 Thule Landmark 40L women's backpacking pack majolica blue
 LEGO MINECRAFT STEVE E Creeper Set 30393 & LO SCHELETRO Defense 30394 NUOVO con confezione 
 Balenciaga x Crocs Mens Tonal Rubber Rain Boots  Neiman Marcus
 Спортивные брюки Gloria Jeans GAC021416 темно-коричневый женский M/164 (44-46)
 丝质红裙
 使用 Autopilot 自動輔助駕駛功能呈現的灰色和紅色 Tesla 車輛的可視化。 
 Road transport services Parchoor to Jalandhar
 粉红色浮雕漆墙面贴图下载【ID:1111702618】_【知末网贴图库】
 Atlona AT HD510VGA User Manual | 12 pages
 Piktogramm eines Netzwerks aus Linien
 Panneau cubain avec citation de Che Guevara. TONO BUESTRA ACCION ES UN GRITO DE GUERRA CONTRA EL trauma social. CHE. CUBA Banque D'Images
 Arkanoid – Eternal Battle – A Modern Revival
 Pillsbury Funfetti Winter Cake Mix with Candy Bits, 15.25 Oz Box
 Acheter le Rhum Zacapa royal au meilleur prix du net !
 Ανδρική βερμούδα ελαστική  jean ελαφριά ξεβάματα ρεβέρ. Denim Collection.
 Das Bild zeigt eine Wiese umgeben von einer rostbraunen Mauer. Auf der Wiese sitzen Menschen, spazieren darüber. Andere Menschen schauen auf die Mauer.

TASK: The full listing needs to be output again, exactly as it reads.

WRITTEN RESPONSE:
 Thule Landmark 40L women's backpacking pack majolica blue
 LEGO MINECRAFT STEVE E Creeper Set 30393 & LO SCHELETRO Defense 30394 NUOVO con confezione 
 Balenciaga x Crocs Mens Tonal Rubber Rain Boots  Neiman Marcus
 Спортивные брюки Gloria Jeans GAC021416 темно-коричневый женский M/164 (44-46)
 丝质红裙
 使用 Autopilot 自動輔助駕駛功能呈現的灰色和紅色 Tesla 車輛的可視化。 
 Road transport services Parchoor to Jalandhar
 粉红色浮雕漆墙面贴图下载【ID:1111702618】_【知末网贴图库】
 Atlona AT HD510VGA User Manual | 12 pages
 Piktogramm eines Netzwerks aus Linien
 Panneau cubain avec citation de Che Guevara. TONO BUESTRA ACCION ES UN GRITO DE GUERRA CONTRA EL trauma social. CHE. CUBA Banque D'Images
 Arkanoid – Eternal Battle – A Modern Revival
 Pillsbury Funfetti Winter Cake Mix with Candy Bits, 15.25 Oz Box
 Acheter le Rhum Zacapa royal au meilleur prix du net !
 Ανδρική βερμούδα ελαστική  jean ελαφριά ξεβάματα ρεβέρ. Denim Collection.
 Das Bild zeigt eine Wiese umgeben von einer rostbraunen Mauer. Auf der Wiese sitzen Menschen, spazieren darüber. Andere Menschen schauen auf die Mauer.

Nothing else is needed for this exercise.